Dat Verrijn Stuart decennia lang bevlogen was voor de vorming en scholing van
bankpersoneel noemt Holtrop helaas niet. Maar als directeur, sinds 1939, van de
leidende Amsterdamsche Bank was hij vanzelfsprekend de aangewezen persoon
om in 1943 voorzitter te worden van de Commissie voor den Cursus, die een
landelijke, schriftelijke versie zou gaan uitbrengen vanuit de mondelinge
bankcursussen die in Amsterdam en Rotterdam door de respectievelijke lokale
bankiersverenigingen waren ingericht. En 25 jaar later was het vanzelfsprekend
dat hij voorzitter werd van het N.I.B.E., het kennisinstituut dat naar zijn ideaal
was gemodelleerd.
Kennisinstituut? Twee citaten van Verrijn Stuart die er op wijzen dat in de 26
jaar dat hij er direct en/of indirect bij betrokken was, verdergaande idealen
nastreefde dan het simpel overdragen van weetjes en handigheden; hij wilde
Bildung, om een term te gebruiken die anno 2015 weer hoopvol wordt gebezigd:
. het Ten Geleide op pagina 1 van het allereerste nummer van Bank- en
Effectenbedrijf (juni 1952) sloot hij af met “Het menselijk leven wordt eerst
werkelijk waardevol door zinvolle arbeid. Slechts het zich gestadig verdiepen in
de oorzakelijke of organische samenhang der onderdelen van het bedrijf, waarin
men werkt, verschaft morele voldoening en ware arbeidsvreugde”.

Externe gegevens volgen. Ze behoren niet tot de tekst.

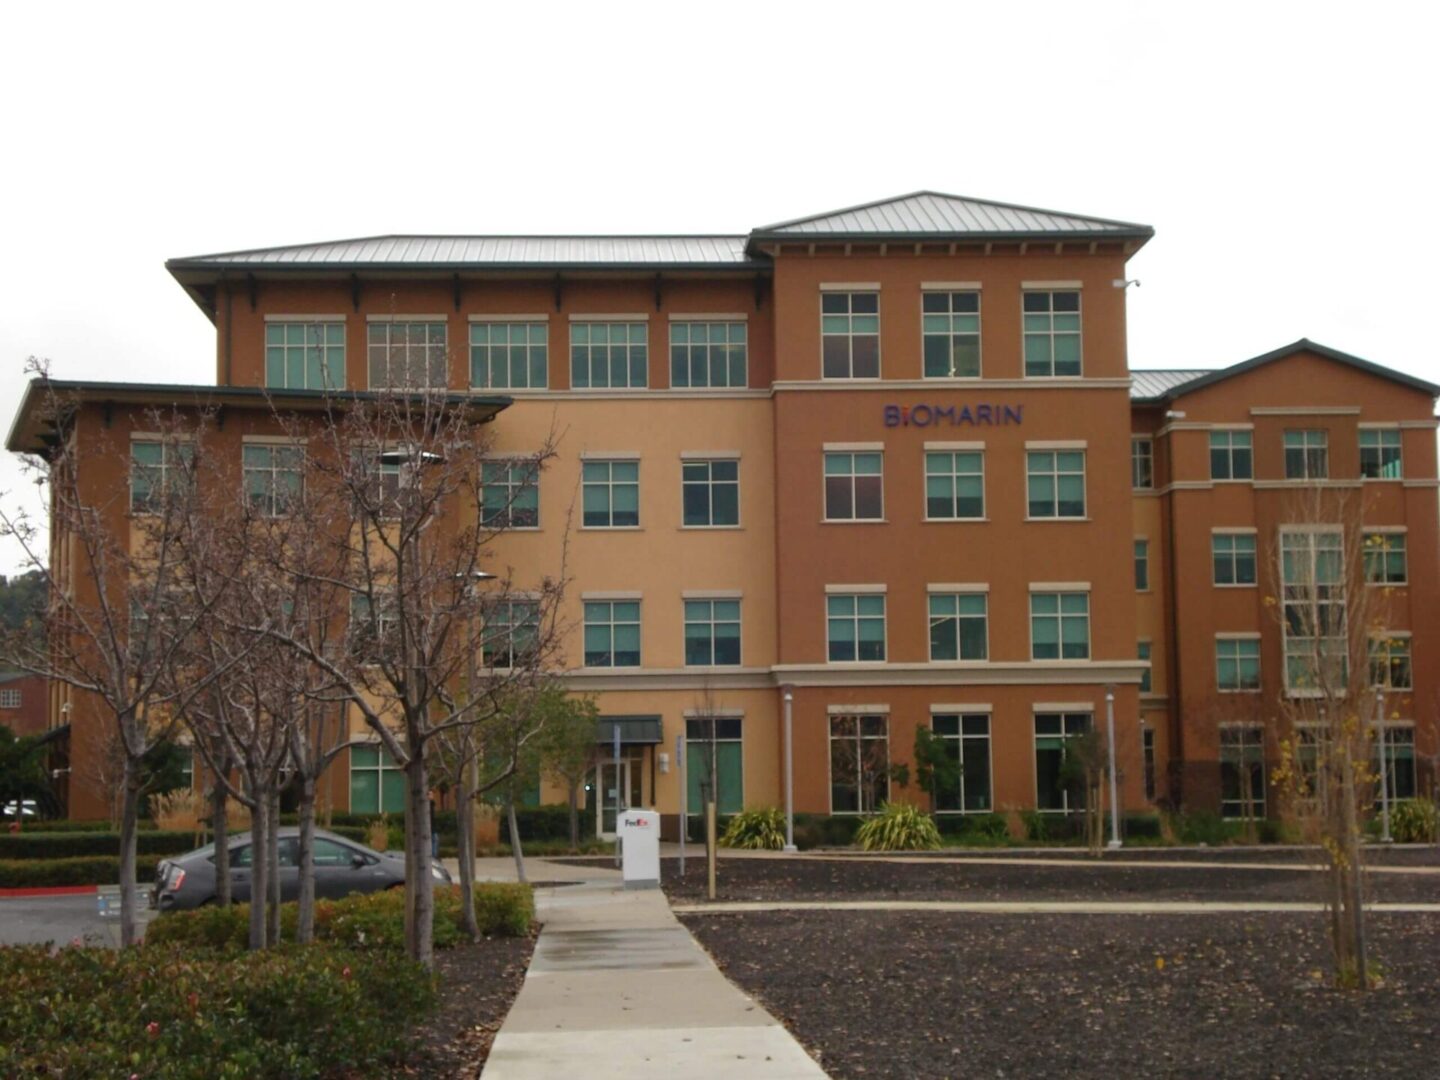 A building with many windows and a walkway.
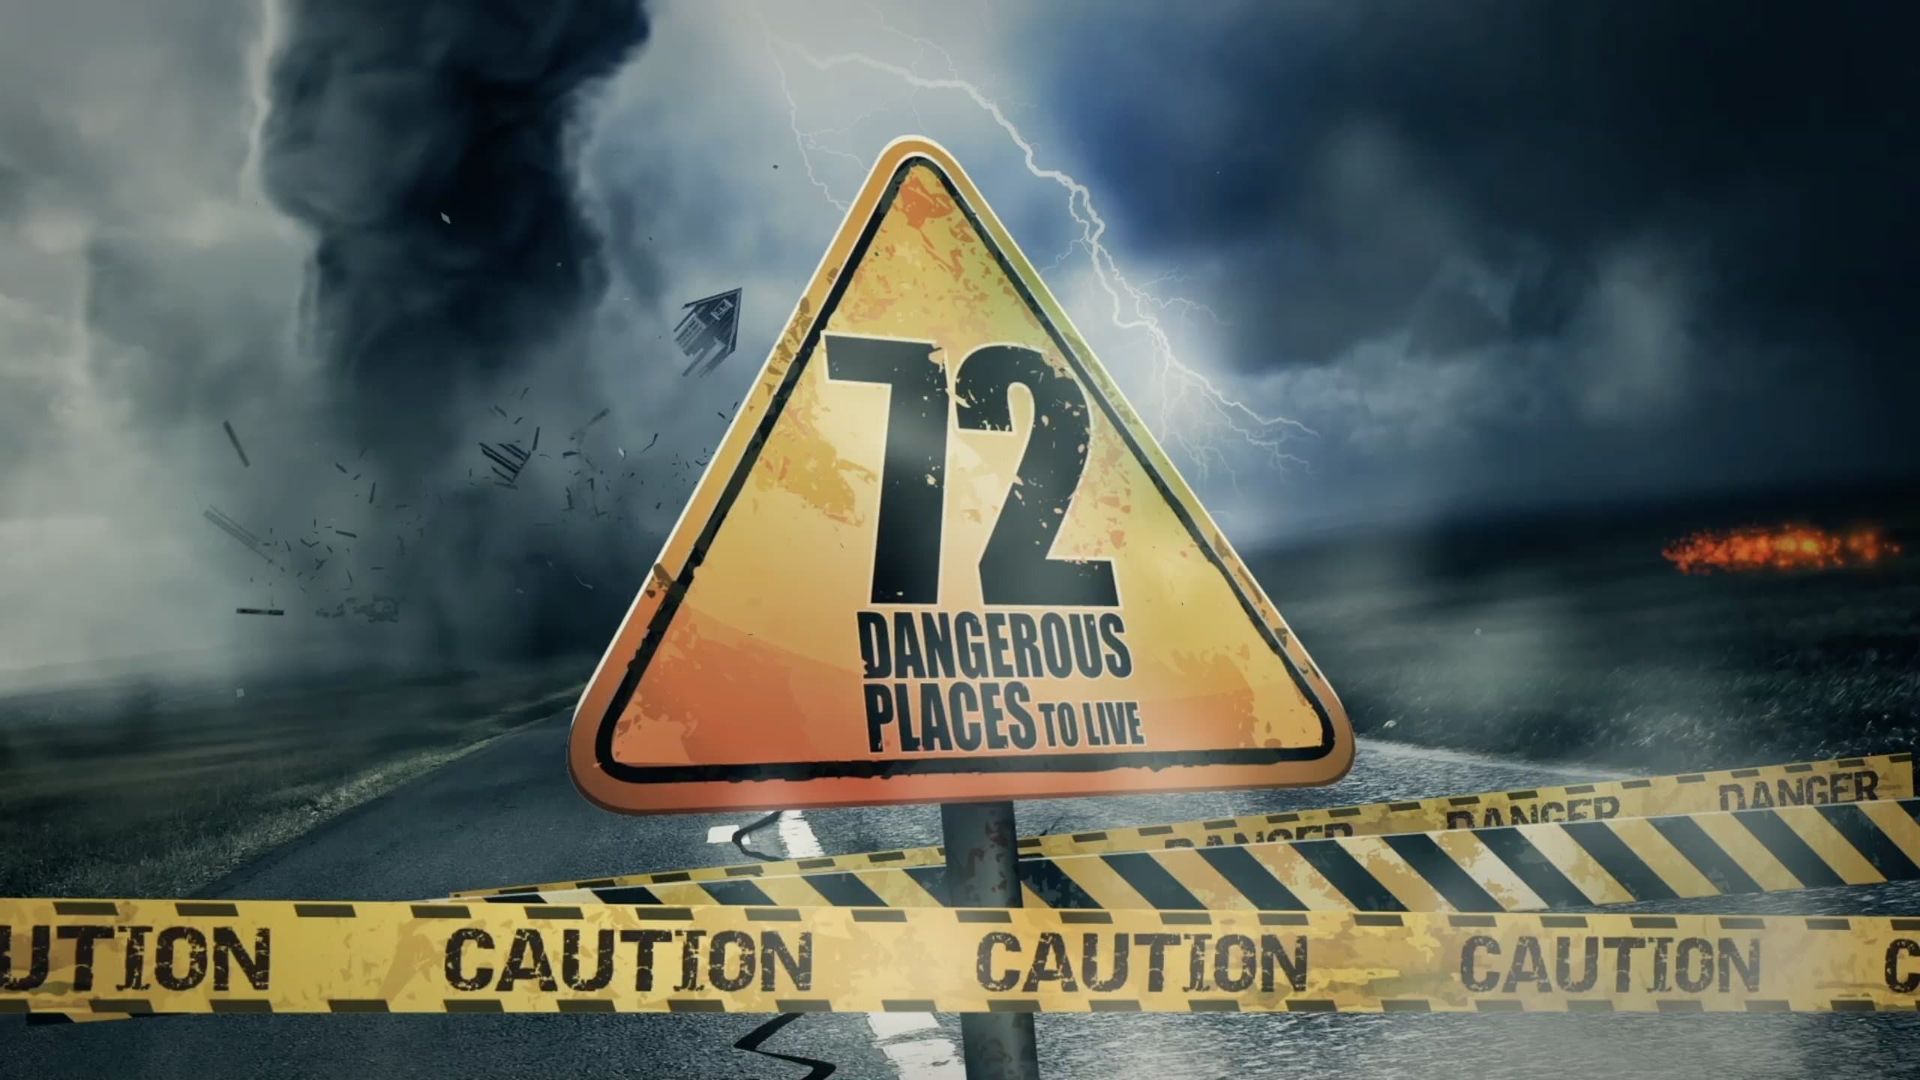 72 Dangerous Places to Live background

. en Holtrop kwalificeert: Zijn kracht lag veeleer in het deelnemen aan en in het
stimuleren en activeren van de meningsuitwisseling over de economische
problematiek, alsmede in het trekken van de praktische conclusies voor het
economische en meer in het bijzonder voor het monetaire en bancaire beleid uit
de verworvenheden van het theoretische denken. “Wie het belang der theorie
miskent vaart in de mist. Wie haar waarde op juiste wijze weet te schatten heeft
de draad van Ariadne in het vaak verbijsterende labyrinth der economische
werkelijkheid in handen”.
Het laatste citaat vond Holtrop in de 8e, herziene, druk van het standaardwerk
van prof. dr. G.M. Verrijn Stuart, Geld en Crediet, 1953. Ook dat bevestigt zijn
decennia lange invloed op de ontwikkeling van het Nederlandse financiële
bestel. Zonder meeheulen of concessies ook. In 1933 bijvoorbeeld nam hij
aangaande de gouden standaard een standpunt in tegenover dat van de
(monetaire) autoriteiten, en in 1948 over de WTK juist contra de Nederlandsche
Bankiersvereniging, namens wie hij in de Bankraad zitting had genomen.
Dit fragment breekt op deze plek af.